As an employee, would you rather have a specific device for your work or be able to work from your personal device? This question is the driving force behind BYOD culture. According to a survey by MarketsandMarkets, North American adoption rates for a BYOD policy was at 36 percent at the beginning of 2017 and 50 percent by the beginning of 2018.
Thanks to software suites, virtualized desktop infrastructure and other emerging technologies, switching between work devices and personal devices has never been easier. Another study showed that the average worker saved 81 minutes of productivity a week by using a personal device. That’s over 70 hours a year—no wonder the BYOD culture is growing.
While there are numerous collaborative and productivity benefits to a BYOD culture, the use of personal devices does present some risks and challenges. Let’s take a look at how to navigate some of these risks and challenges.
BYOD security is a nuanced process. Companies live in eternal fear of making headlines for a data breach. Allowing more devices to connect to your network and access your data creates a big headache for IT teams. It’s a daunting task to secure all mobile devices on the network, but like we’ve discussed before, mobile security needs to be a priority.
Working with a provider to create an effective Mobile Device Management (MDM) plan is key. Creating proactive security measures that enable BYOD programs can help minimize your organization’s risk. There are several viable systems and applications available to help you accomplish your goals. We guarantee that you MDM will become your CIOs new best friend.
Companies should also look into setting up network access control (NAC) tools. Set and implement specific access rules for employee devices depending on their role within the company. Executives have different levels of access than designers, for example. This allows companies to keep their data compartmentalized and secure.
Finally, don’t underestimate the power of employee security training. A Ponemon survey found that 41 percent of SMBs breaches were caused by mistakes made by employees. Creating an employee training program that explains their role cyber security is one of the most effective ways to combat poor passwords, phishing, and accidental exposure.
It is easy for companies to track everything their employee does when they issue their own equipment. Employees want to use their own device at work, but they don’t want their employer to have complete access to their device. How can companies keep their data private without infringing on the privacy of their employees? It’s one of the burning questions when it comes to BYOD culture.
The easiest answer is transparency. Creating a transparent mobile device policy with input from your employees can solve issues before they arise. Tell your employees what they’re allowed to do with their devices—work-issued or personal. Detail what information you will be tracking and collecting. An effective mobile device policy will provide flexibility and protect employee privacy without sacrificing security.

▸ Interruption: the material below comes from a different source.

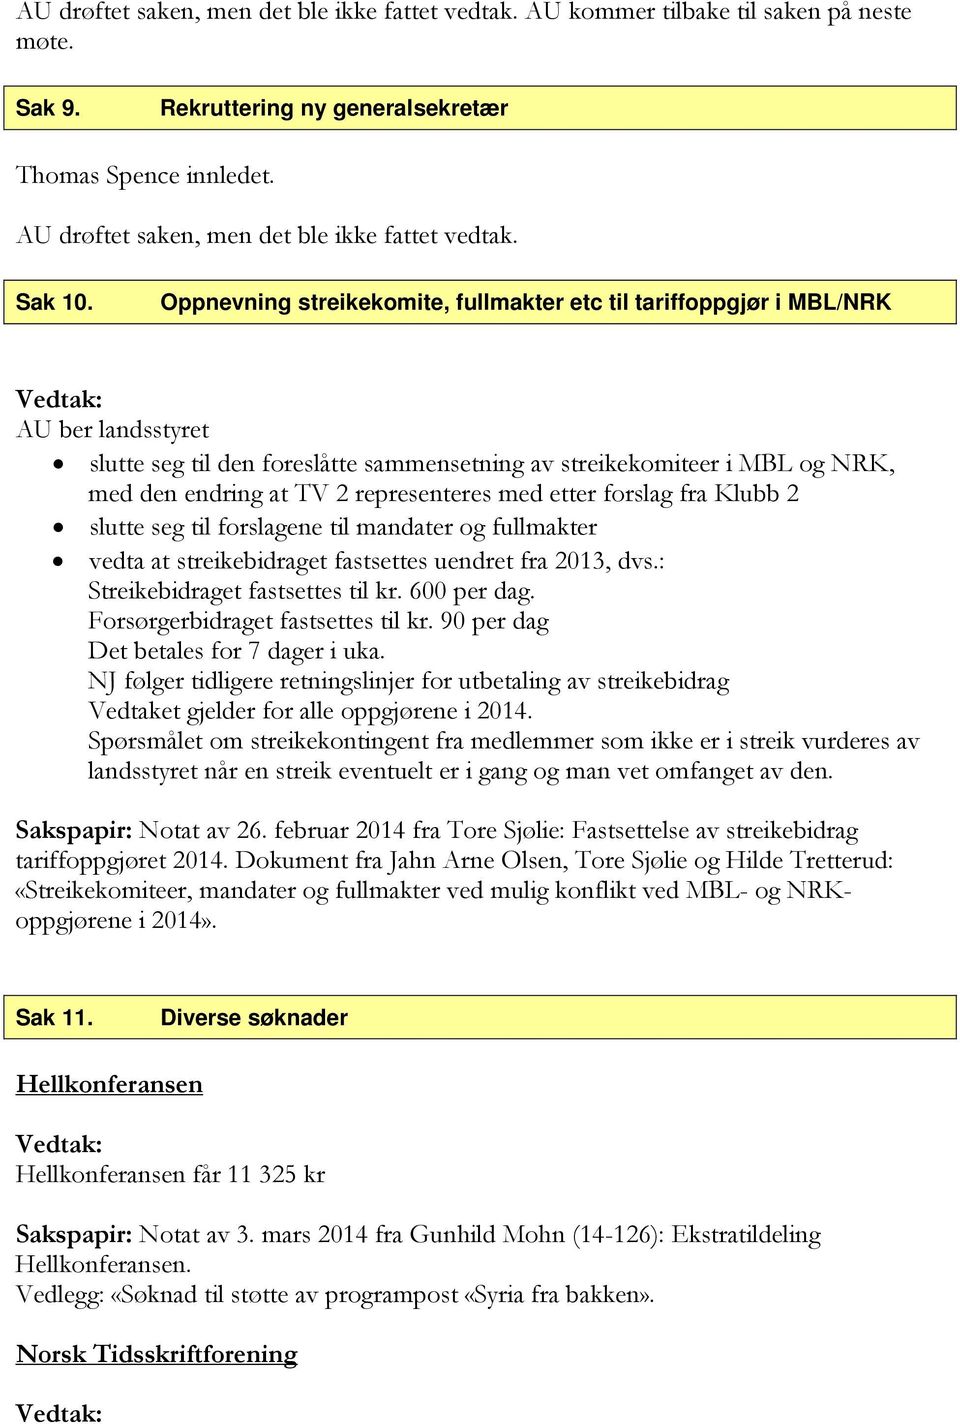 Oppnevning streikekomite, fullmakter etc til tariffoppgjør i MBL/NRK AU ber landsstyret slutte seg til den foreslåtte sammensetning av streikekomiteer i MBL og NRK, med den endring at TV 2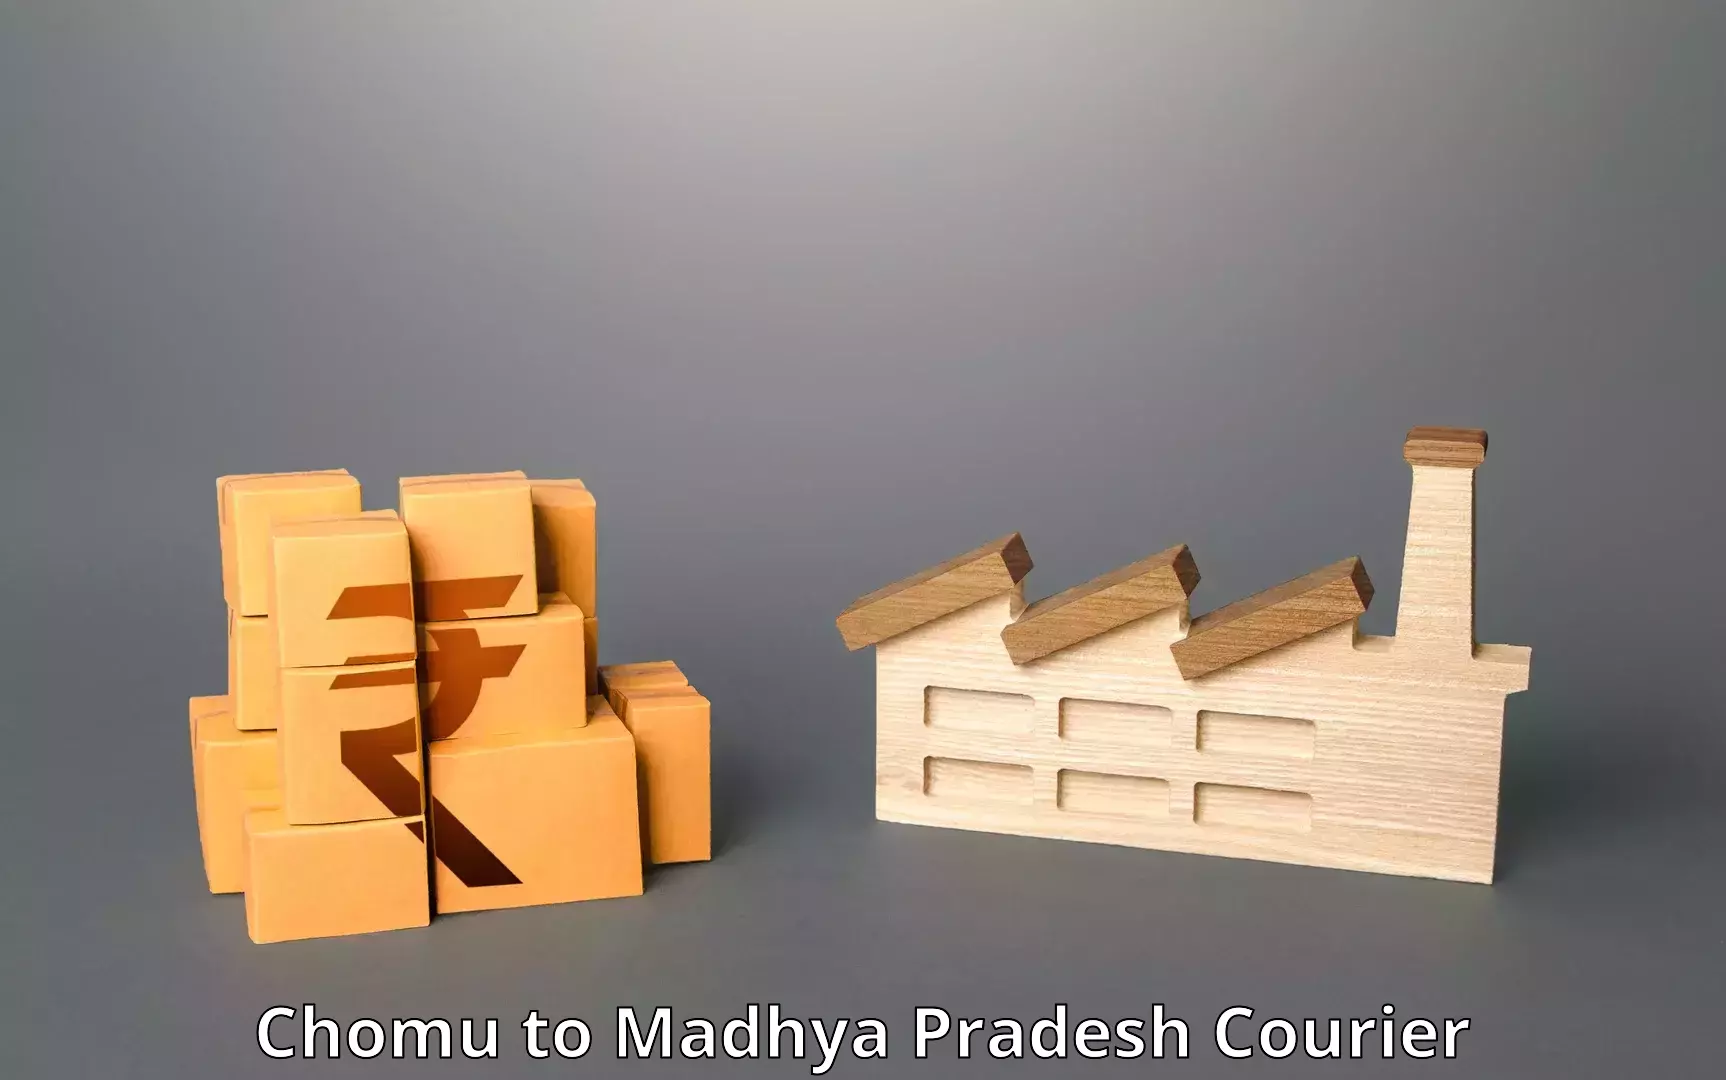 Professional courier handling Chomu to Madhya Pradesh

A big problem with BYOD is not everyone has the same device. When a company issues the same piece of equipment to each employee, they know all applications will function the same.
Choose-Your-Own-Device, or CYOD, is a hybrid policy that addresses both the privacy and compatibility challenges in BYOD policies.
Instead of offering one hardware option, companies give their employees a shortlist of pre-approved devices. Companies get a little more control over their private data than they would in a pure BYOD scenario, and employees still get to choose a device that suits them best.
When it comes to compatibility, CYOD puts a finite number on the different types of devices in the mix. A study by Gartner shows that 74 percent of companies already have some CYOD policy, so there is evidence this strategy works.
BYOD culture isn’t going anywhere anytime soon. With the rise of the gig economy, addressing the risks and challenges of BYOD policies is crucial. Without a sound BYOD policy, companies limit their access to the top talent in their niche.